Friday morning comes along cold and gray, a steady breeze sending cool air and a blanket of fog through the Golden Gate, directly in line with the track at the foot of Gilman Street. Jeanne and Drake were right behind me as I pulled into the stable parking lot, I entered the stables and with the help of the gate attendant I located Greg who introduced me to Russell. We soon encountered Mark, Suzanne and Elizabeth parking their cars when my mom showed up with Patty and we were all set to witness the event. Within a half hour we found ourselves in the box seat section of an empty grandstand, perched directly across from the red and white pole that is the finish line, below us the finely manicured winners circle. In fact, the infield is just as meticulously manicured, the preparations for the upcoming meet are well underway.
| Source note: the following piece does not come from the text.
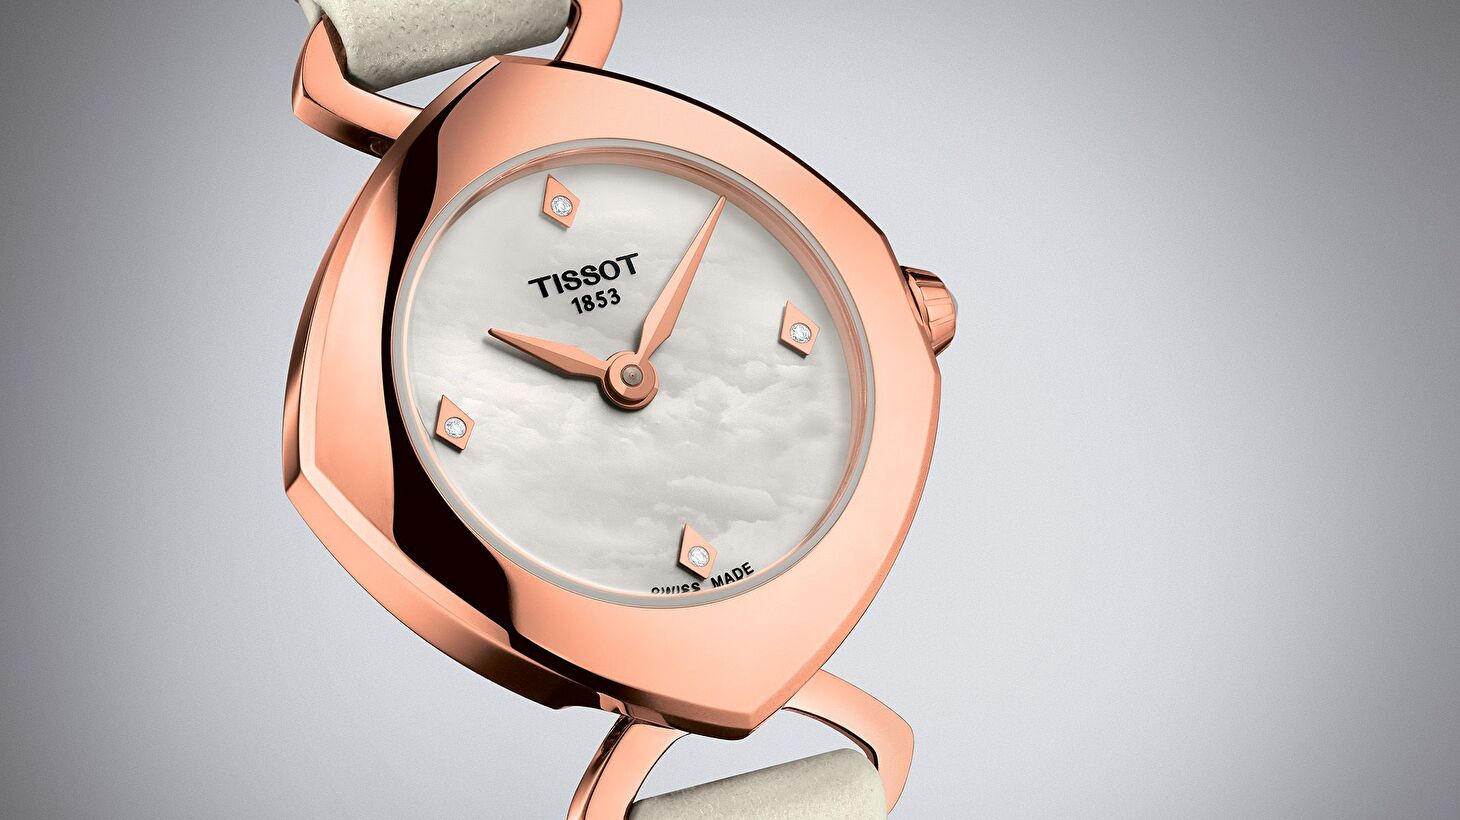 Часы Tissot Femini-T: время для вдохновения

Thoroughbred horses are magnificent animals. I haven’t had too much opportunity to spend time around horses, we occasionally go riding at Bonnie and Jeff’s ranch in Yuba City, where they board about a dozen at a time, more when a polo match is taking place in their arena. There the horses are fit and healthy, but just common horses. The animals at a track on par with GGF – even the ponies the trainers keep for work out assistants – are powerful and athletic. They’re all high strung, but some horses are trotting out to the track with a herky-jerky nervousness, their mounts doing all they can to keep the animal in control until it’s time to do what they were bred for – run with all out abandon on the soft dirt of an oval course. But with Lost in the Fog there’s a difference, he’s got a sort of sophisticated and confident presence on the track, a little bit like a veteran slugger calmly making his way from dugout to on deck circle. Not a tall horse, but sturdy and somewhat thickly muscled.

Russell is riding him from the stable gate on the southern end of the oval with a training assistant riding alongside. They’re part of a small procession of horses heading out for a morning workout, deliberately make their way heading against the grain on the home stretch. They turn around before the end of this straight segment of track and embark on a warm up trot as if they’re heading home toward the finish line. Russell reaches into his jacket pocket, pulls out a plastic medicine container, deftly flips the lid open with his thumb and empties its contents in a short white puff of dust.

It’s pulled off perfectly, we’re both content and proud to have witnessed this, but there’s still the matter of the workout. Now the horse continues a moderate trot around the first turn and ramps up to a gallop and full sprint around the back stretch. To see this orchestration of man and beast is awe inspiring. To a casual observer, one might think that a horse race is littlle more than a dozen horses breaking free, running full tilt to the finish, but a closer look reveals much, much more. The combination of grace and power was a beauty to behold, both Russell’s and Lost in the Fog’s head are almost still as the horse glidingly streaked alongside the same ground where my dad had just been honored.